DATASET EXTRACT:
== == ==

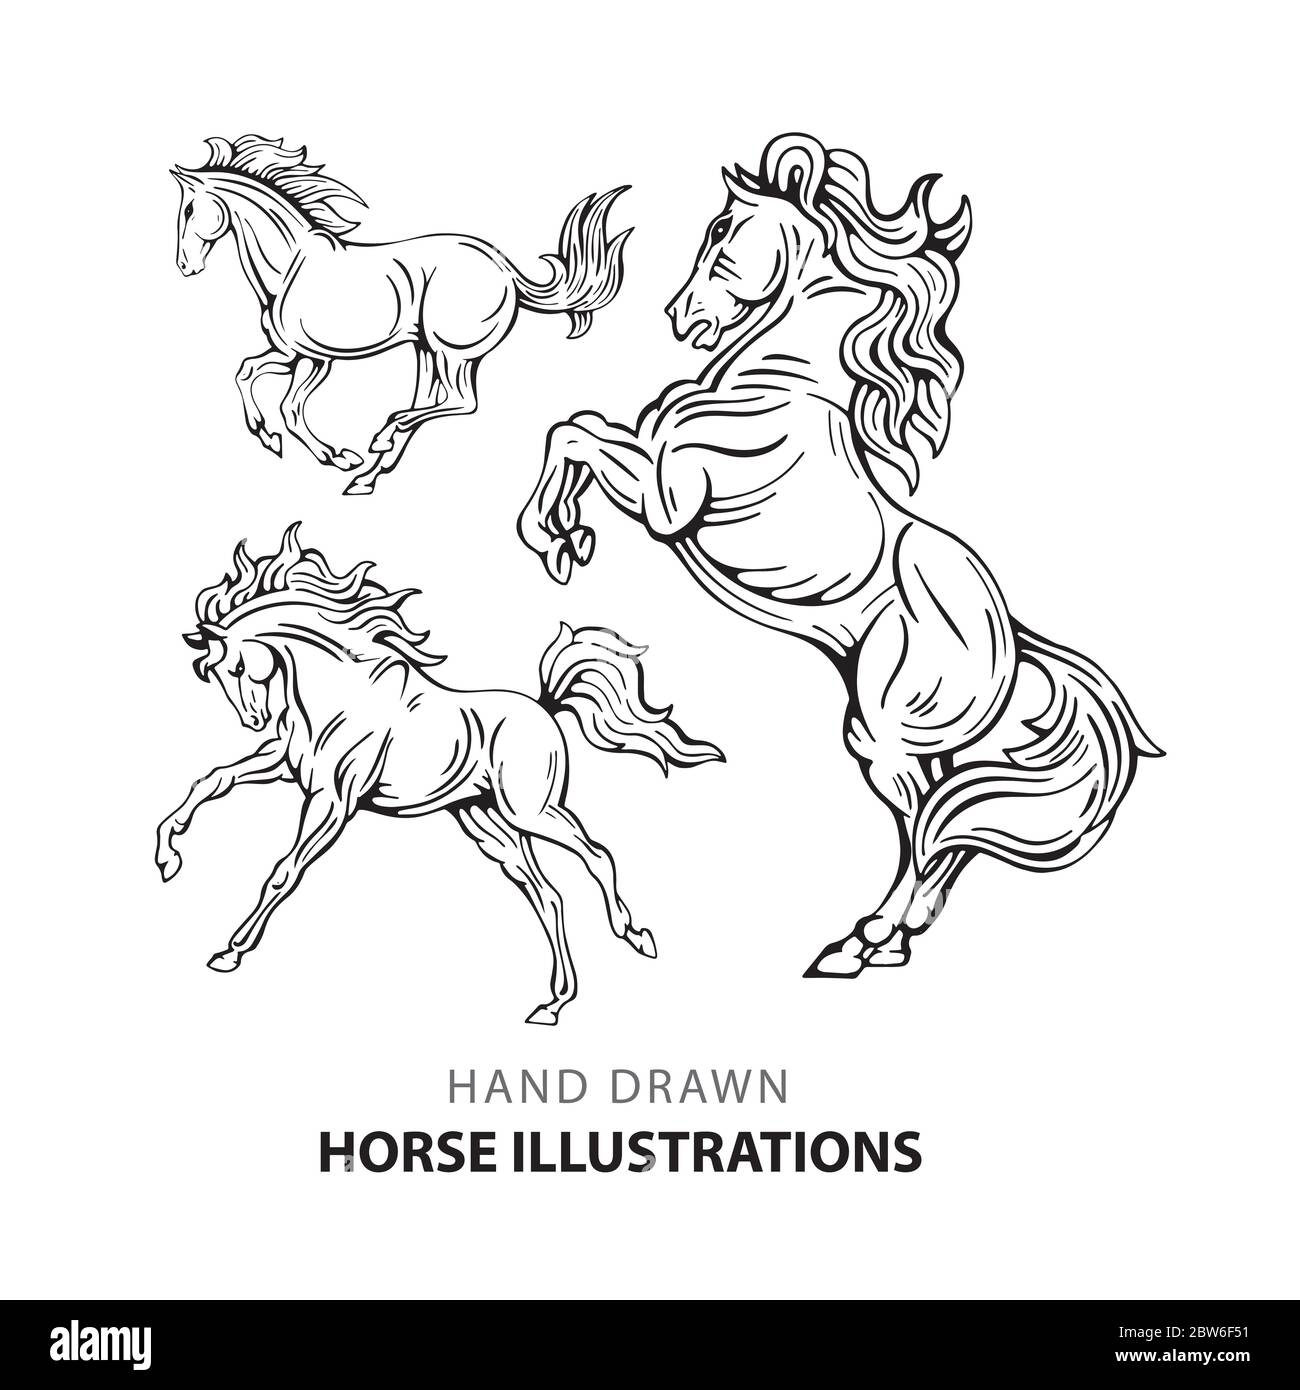 Cheval. Jeu d'illustrations de chevaux dessinées à la main. Esquisser des chevaux de dessin dans différentes poses. Partie de l'ensemble. Illustration de Vecteur
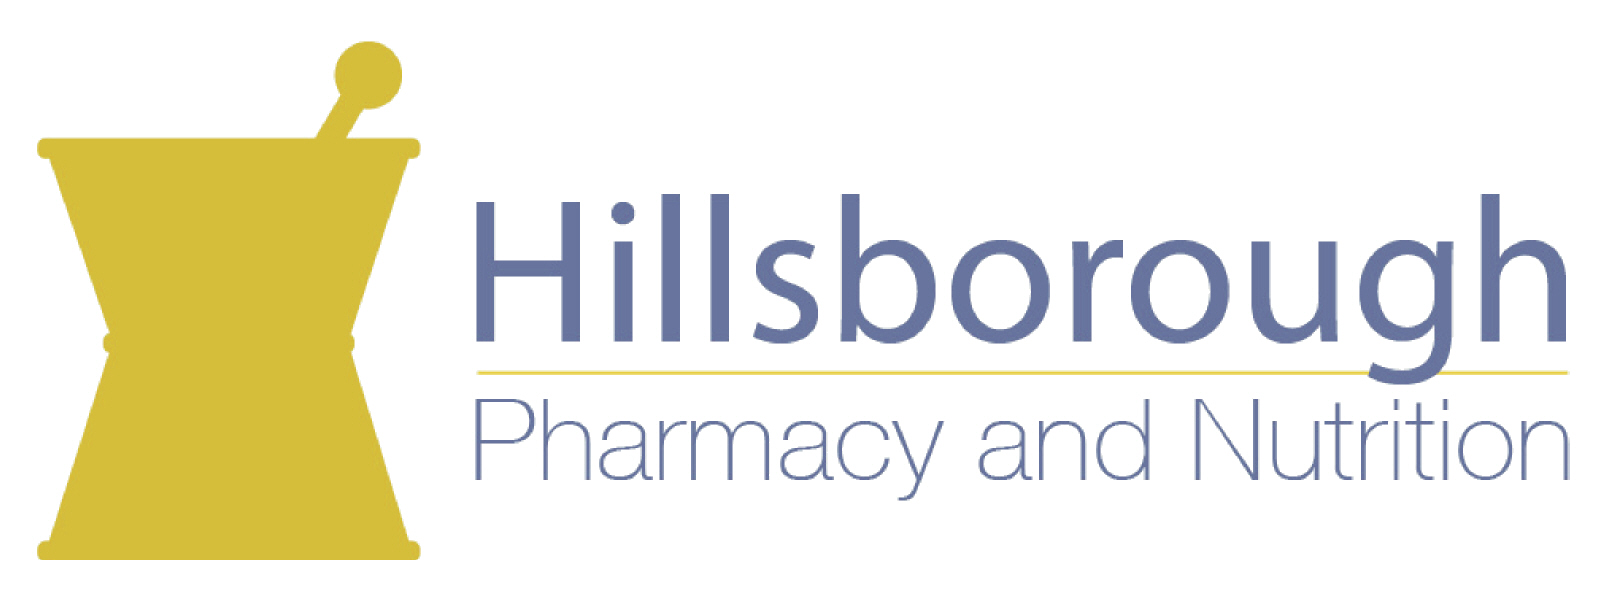 Hillsborough Pharmacy and Nutrition
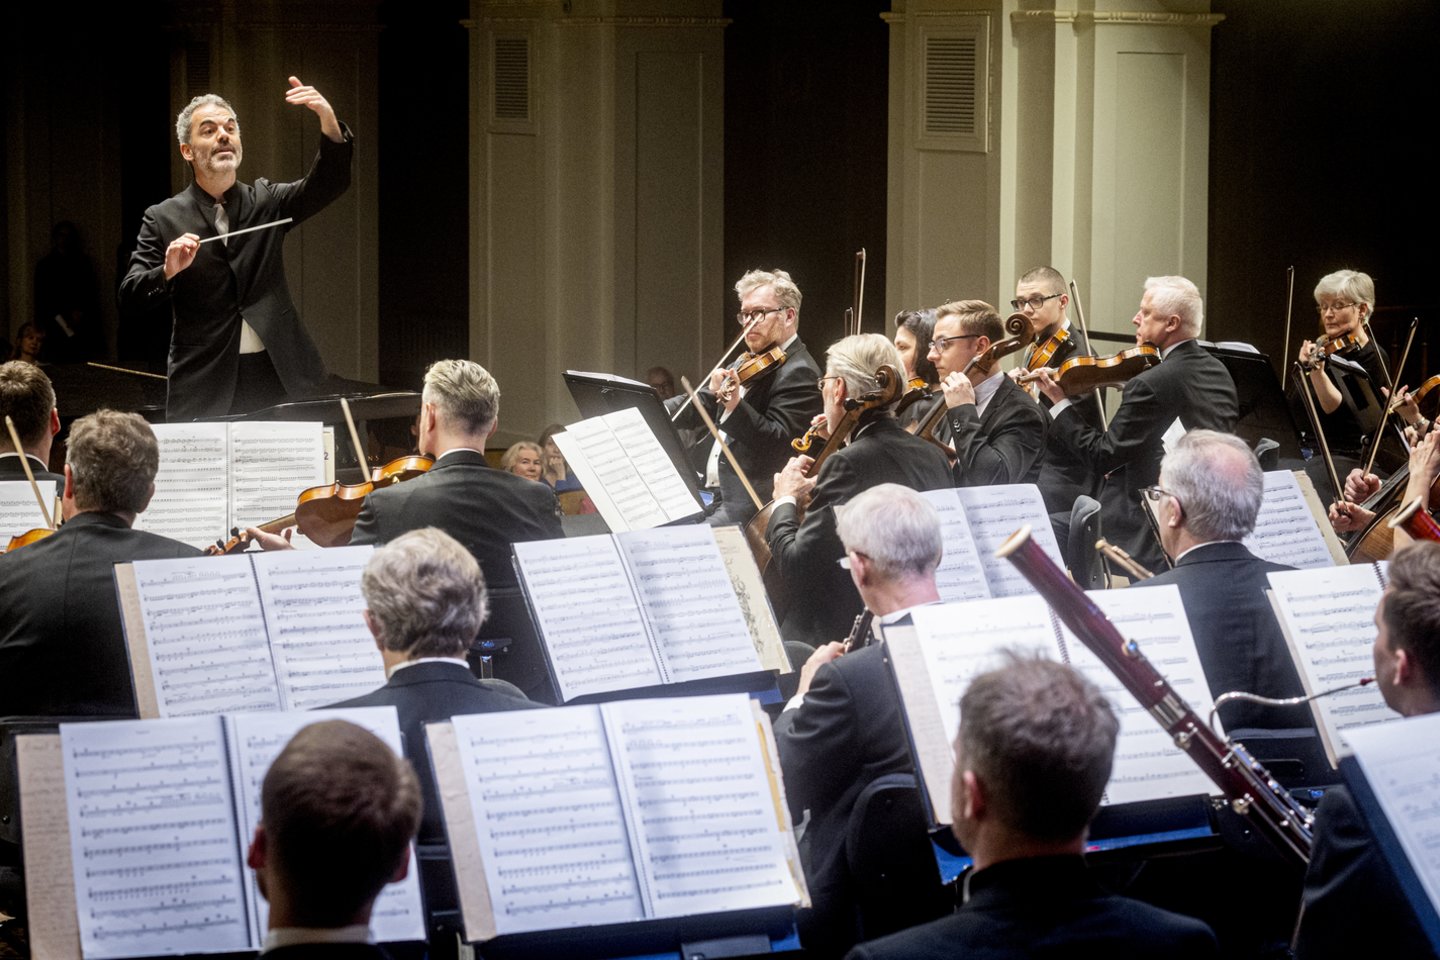 Birželio 7 d. Lietuvos nacionalinės filharmonijos Didžiojoje salėje įvyko koncertas „Dar apie Beethoveno genijų. Antti Siirala, Vassilis Christopoulos ir LKO“.<br>D.Matvejevo nuotr.
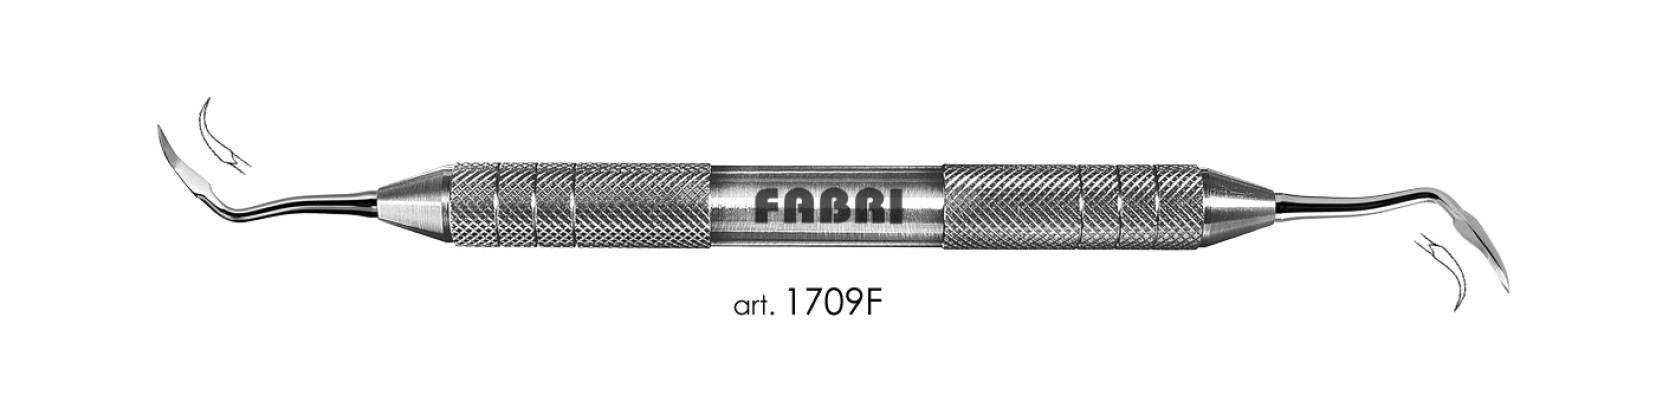 ФАБРИ Fabri  - Инструмент для снятия зубных отложений (арт. 1709 F)

== == ==

TASK DIRECTIONS: Copy out the listing above in full and leave out its pictures.

EXERCISE OUTPUT:
 Cheval. Jeu d'illustrations de chevaux dessinées à la main. Esquisser des chevaux de dessin dans différentes poses. Partie de l'ensemble. Illustration de Vecteur
 Hillsborough Pharmacy and Nutrition
 Birželio 7 d. Lietuvos nacionalinės filharmonijos Didžiojoje salėje įvyko koncertas „Dar apie Beethoveno genijų. Antti Siirala, Vassilis Christopoulos ir LKO“.<br>D.Matvejevo nuotr.
 ФАБРИ Fabri  - Инструмент для снятия зубных отложений (арт. 1709 F)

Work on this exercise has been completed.